Lubelscy policjanci z CBŚP rozbili grupę, handlującą narkotykami na masową skalę. Podejrzani mogli zarobić na tym co najmniej 2,5 miliona złotych. Dotychczas w sprawie zatrzymano 12 osób.
Z ustaleń policjantów wynika, że gang przemycał substancje psychotropowe, produkował amfetaminę i handlował kokainą, tabletkami ekstazy, MDMA oraz marihuaną. Grupa działała od 2016 roku na terenie województw: dolnośląskiego, podkarpackiego i małopolskiego oraz poza granicami kraju: w Holandii, Niemczech i Słowacji.
Pierwsze zatrzymania w tej sprawie przeprowadzono w czerwcu 2017 roku. Wpadło wówczas dwóch członków gangu. Policjanci wtedy również specjalnie zamontowaną skrytkę w samochodzie. Ukryto ją w zbiorniku paliwa. Podejrzani przewozili w niej 30 litrów płynnej amfetaminy z Holandii do Polski.
W kolejnych miesiącach policjanci zlikwidowali nielegalną uprawę konopi indyjskich. Zatrzymali również cztery osoby, które ją prowadziły. Zabezpieczono wtedy specjalistyczny sprzęt do uprawy konopi oraz 4 kilogramy gotowego narkotyku.

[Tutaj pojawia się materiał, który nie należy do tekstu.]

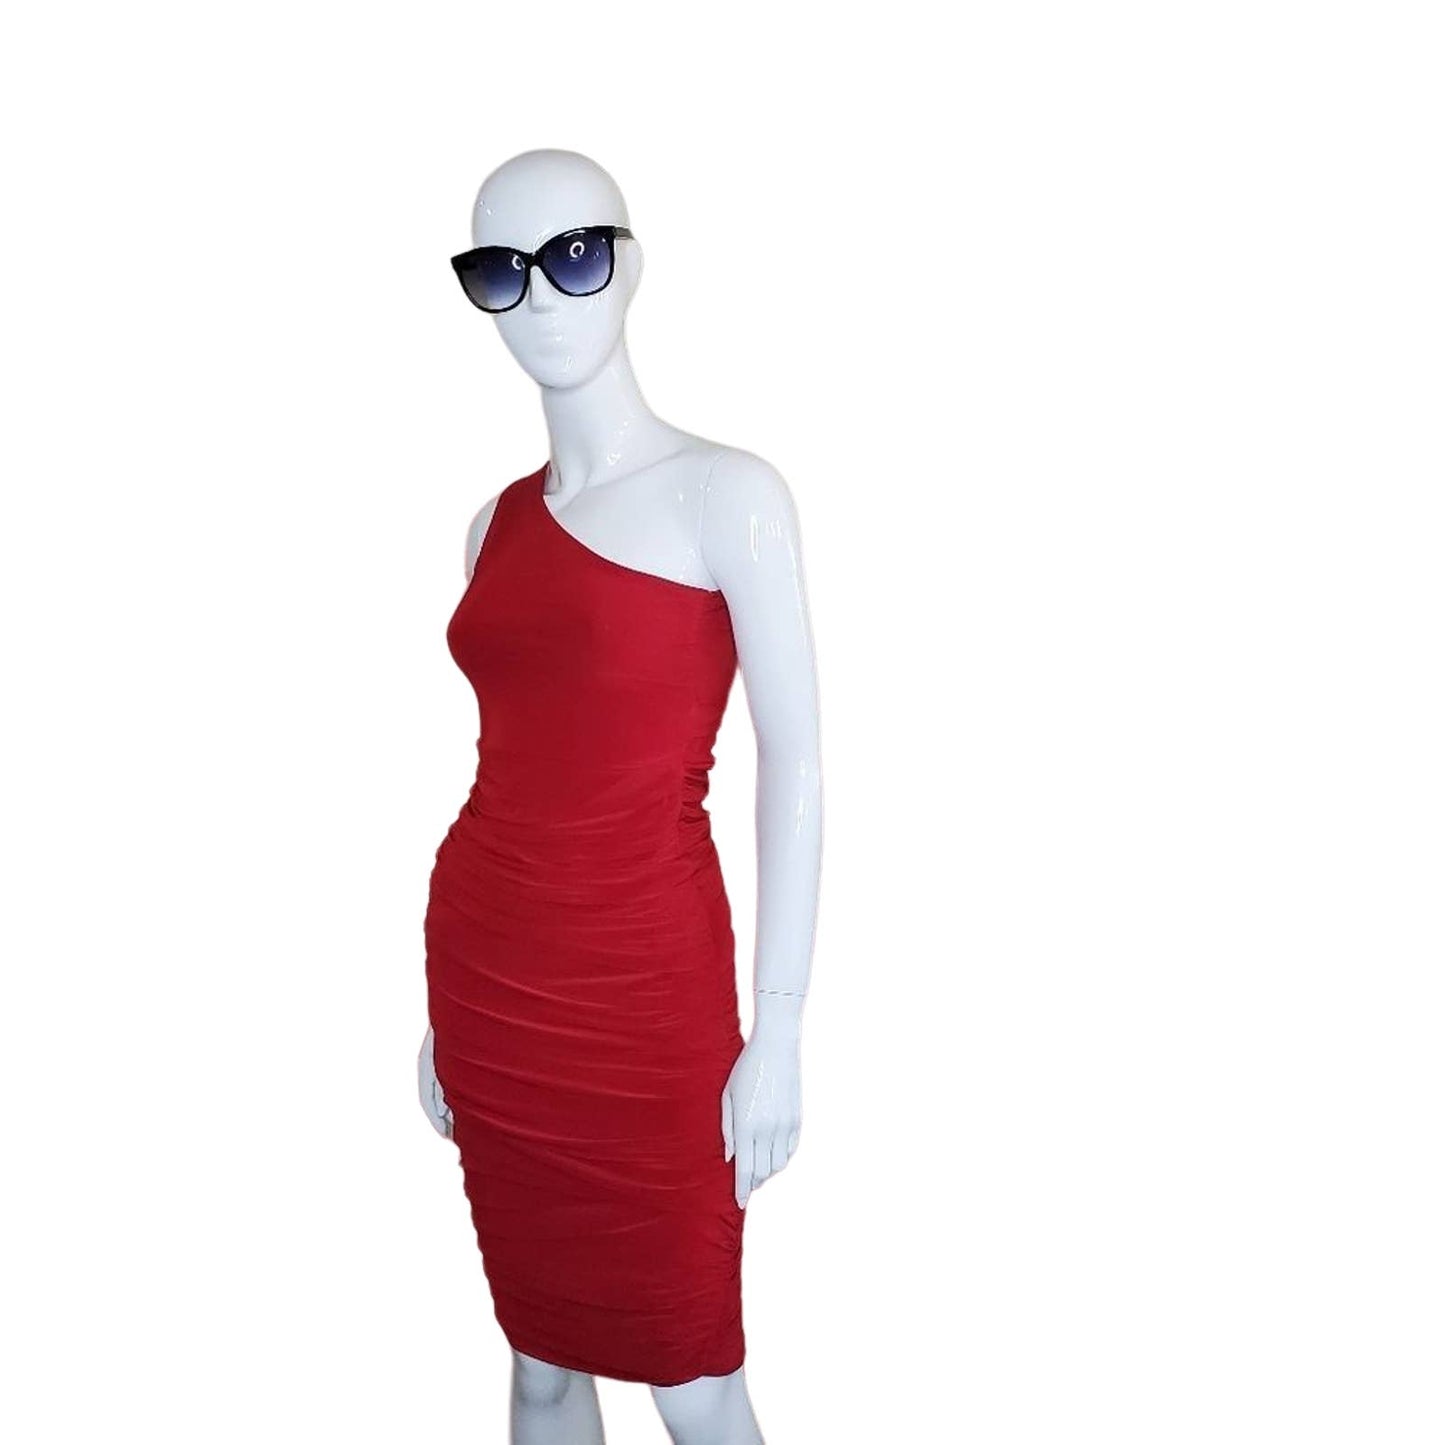 Femme Luxe One Shoulder Sleeveless Bodycon Red Dress, Size UK6/US 0

W trakcie następnych akcji policjanci CBŚP z Lublina zatrzymali kolejnych sześciu mężczyzn, podejrzanych o udział w gangu i handel narkotykami.
Łącznie w sprawie policjanci zabezpieczyli 30 litrów oleju amfetaminowego i 4 kilogramy marihuany. W trakcie śledztwa zatrzymano 12 osób. Wszystkie zostały później aresztowane. Odpowiedzą za udział w zorganizowanej grupie przestępczej oraz przemyt, produkcję i handel narkotykami.

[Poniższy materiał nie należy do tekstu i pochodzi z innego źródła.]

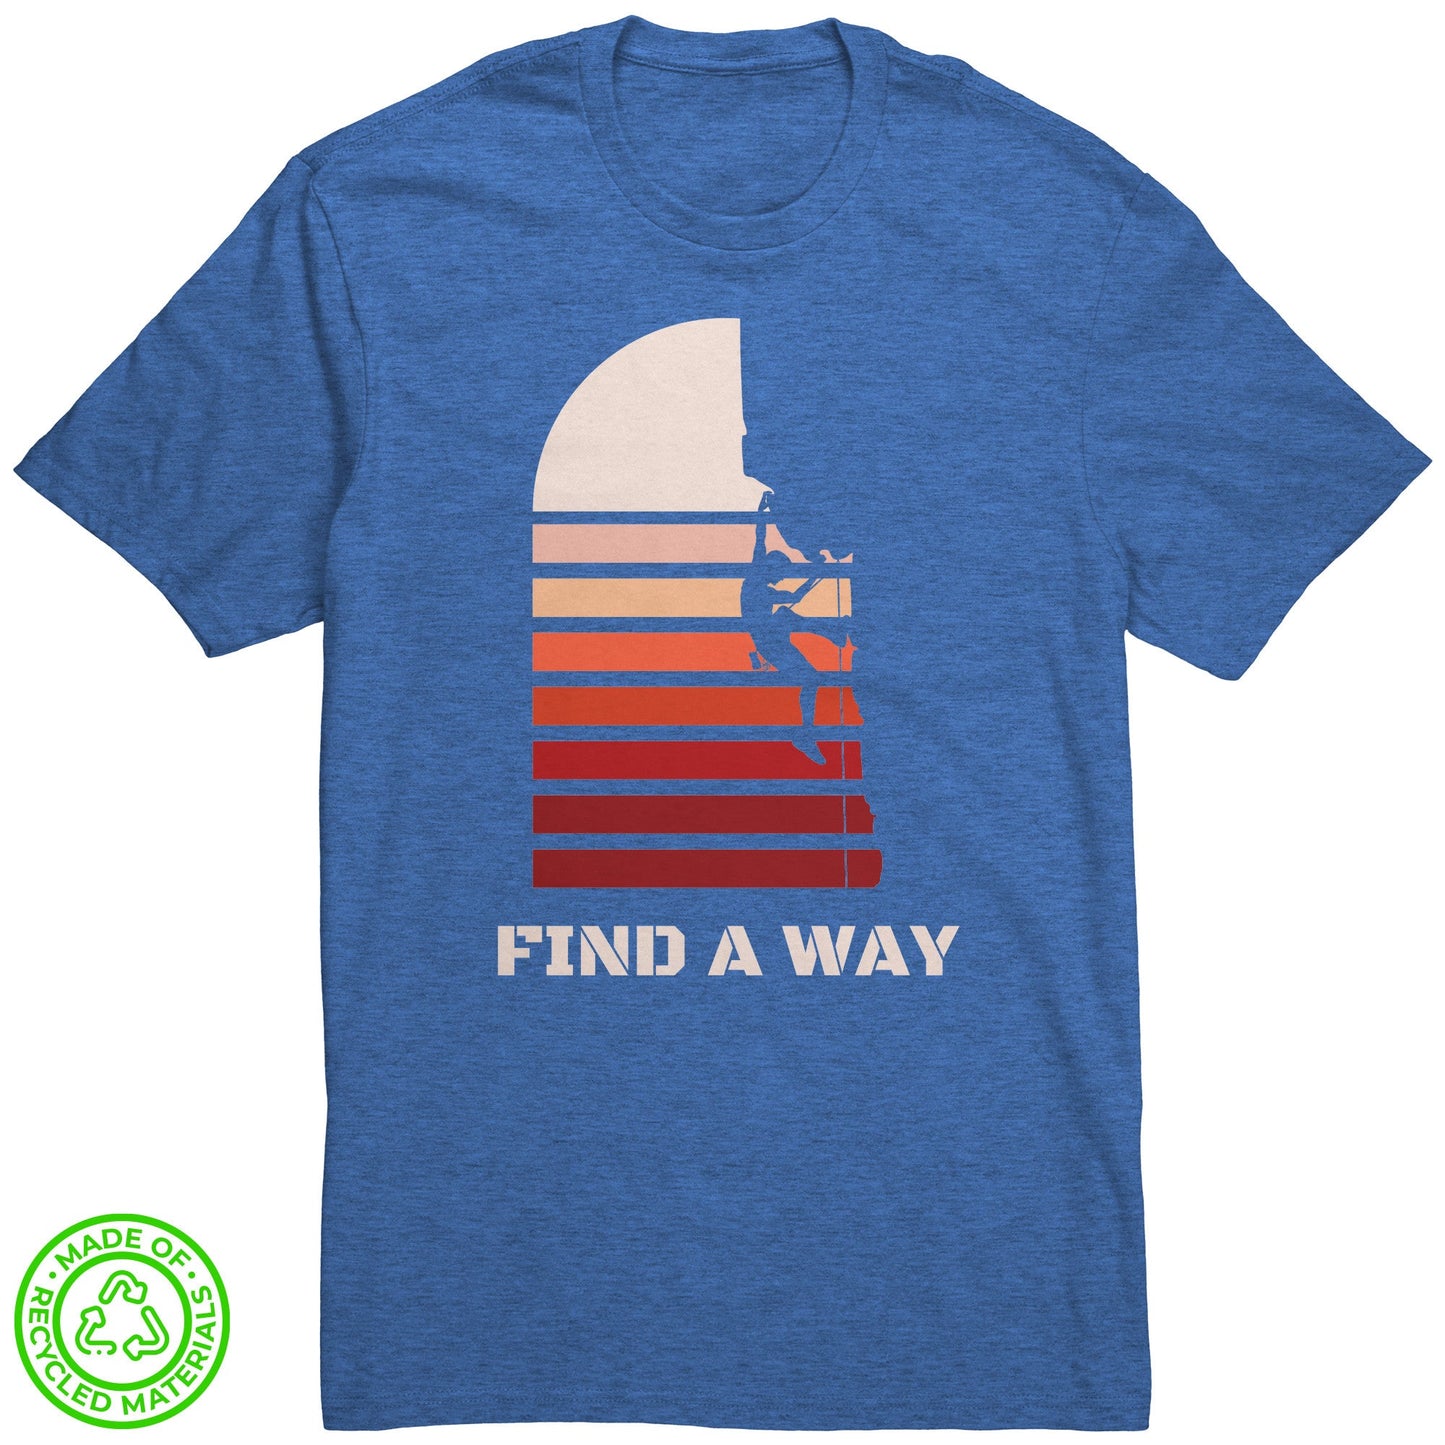 Eco-friendly Re-Tee (Find a way)

Z ustaleń śledczych wynika, że członkowie grupy sprzedali przynajmniej 120 litrów surowca, z którego można wyprodukować 360 kilogramów amfetaminy. Gang sprzedał również 9 kilogramów kokainy, kilogram MDMA i kilogram marihuany. Członkowie grupy zarobili w ten sposób co najmniej 2,5 mln złotych.
Śledztwo w tej sprawie prowadzą policjanci z lubelskiego CBŚP pod nadzorem Lubelskiego Wydziału Zamiejscowego Departamentu ds. Przestępczości Zorganizowanej i Korupcji Prokuratury Krajowej. Śledczy nie wykluczają kolejnych zatrzymań.